Labor’s international student cap an ‘unprecedented’ overreach and ‘recipe for chaos’, experts warn

labor’s international student cap an ‘unprecedented’ overreach and ‘recipe for chaos’, experts warn

Labor wants to reduce net annual migration to 260,000 by 2025, in large part by tackling international student numbers. Photograph: Dean Lewins/AAP

The Albanese government’s proposed cap on international students is a “recipe for chaos” and the largest ever government overreach in Australia’s higher education system, leading policy experts have warned.

A bill introduced to parliament by the education minister, Jason Clare, last week, would give him powers to set a maximum number of new international student enrolments for courses and providers, with universities’ ability to enrol more students dependent on the establishment of new purpose-built student accommodation. A similar cap would operate for the VET sector based on advice from the skills and training minister.

The changes come after the number of international students in Australia shot up from about 580,000 pre-pandemic to 700,000 in February. Clare has argued the changes are aimed at ensuring international education “delivers the greatest benefit to Australia, whilst maintaining its social licence”.

Labor wants to reduce net annual migration to 260,000 by 2025, in large part by tackling international student numbers, but immigration and higher education experts have fiercely criticised the “unprecedented” plans for a cap set by the minister.

The former immigration department deputy secretary Abul Rizvi described it as a “recipe for chaos” that risked the closure of universities if managed poorly.

Rizvi suggested the cap was likely being introduced as a “stopgap measure” in response to historically high net migration levels and low housing supply, with Labor hoping it won’t need to be used.

“It’s quite extraordinary [policy] and all about getting to the 2025 election,” he said. “The levels of intervention exceed anything I’ve ever seen in any other industry. This gives them the power to tell a business how many customers you can have, what they can buy from you and how much.

“The power and its use is unsustainable. You can’t run an industry this way.”

If passed, the legislation would come into effect from 1 January. Rizvi described what he claimed would be 12 months of “chaos” where institutions rushed to get applications in over the next 12 months, while providers facing lengthy visa approval wait times would be under pressure to refund the tuition fees of unprocessed students.

Andrew Norton, a professor in higher education policy at ANU, said a cap was the most “radical limits on student choice and university autonomy” he had witnessed.

In a blog post this week, Norton wrote that the wide ministerial discretion of powers was entirely “new legal territory” and a “significant problem over-and-above the direct consequences of capping”.

According to the bill, the minister could cancel international enrolments for providers and/or courses on the basis of “systemic quality issues”, courses providing “limited value” to Australia’s skills needs or because it is in the “public interest to do so”, such as due to student exploitation.

Consultation with regulators, higher education providers or the department of education would not be needed in most cases and institutions that exceed their cap would risk a year-long suspension from enrolling new students.

“The level of ministerial discretion is unprecedented … the powers are there [and] the mere possibility of their use changes the government-university relationship,” Norton wrote.

“With the government and opposition united against international students we have to accept that provider caps will happen.
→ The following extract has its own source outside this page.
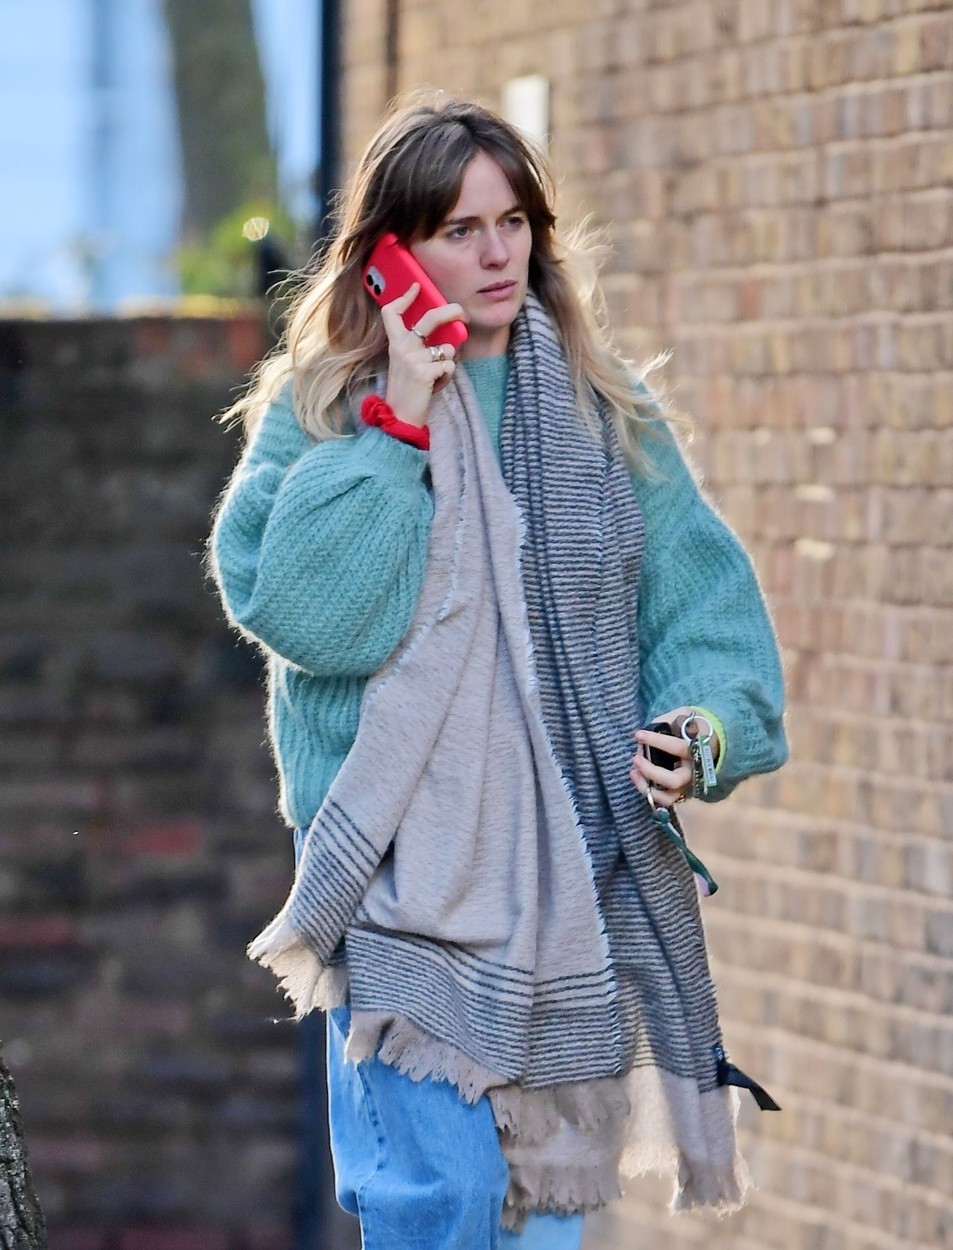 Cressida Bonas, fotografiată în timp ce vorbește la telefon, pe stradă, îmbrăcată casual

But course level caps … are in fundamental conflict with principles of student choice and university autonomy.”

International students are Australia’s most successful service export industry, contributing $48bn to the economy in 2023. With federal investment in research and development at 30-year-lows, universities have become increasingly reliant on the sector to remain viable.

Group of Eight (Go8) universities educate one in three international students, who account for more than 30% of entire revenue streams at the University of Sydney, Monash, UNSW and the University of Queensland.

The vice-chancellor of the University of Sydney, Mark Scott, prospective students looking Sydney or Melbourne would also be considering “other top international universities”. “We need students to continue to feel welcome here,” he said.

“We’re competing … with universities across the world, and want to make sure the best and brightest have Australia and Sydney at the top of their list as a study destination.”

The University of Sydney was the only institution in NSW to record a surplus last year and 46% of its enrolments now come from overseas.

The Go8 chief executive, Vicki Thomson, said universities and purpose-built student accommodation providers were “already investing heavily” in affordable options.

Asked how universities will offset the sharp decline in international student numbers, Rizvi claimed “they’re going to have to start cost cutting”.

“They’ve designed the system not in terms of academic excellence, but revenue generation,” he said.

“A better policy would be to place a higher cutoff score on entrance exams so universities don’t put forward students with poor scores. You’d still control the numbers by letting them compete.”

Clare told Guardian Australia the federal government was working closely with state and territory governments and education providers to help international students find housing, adding the reforms will help to “provide certainty for universities”.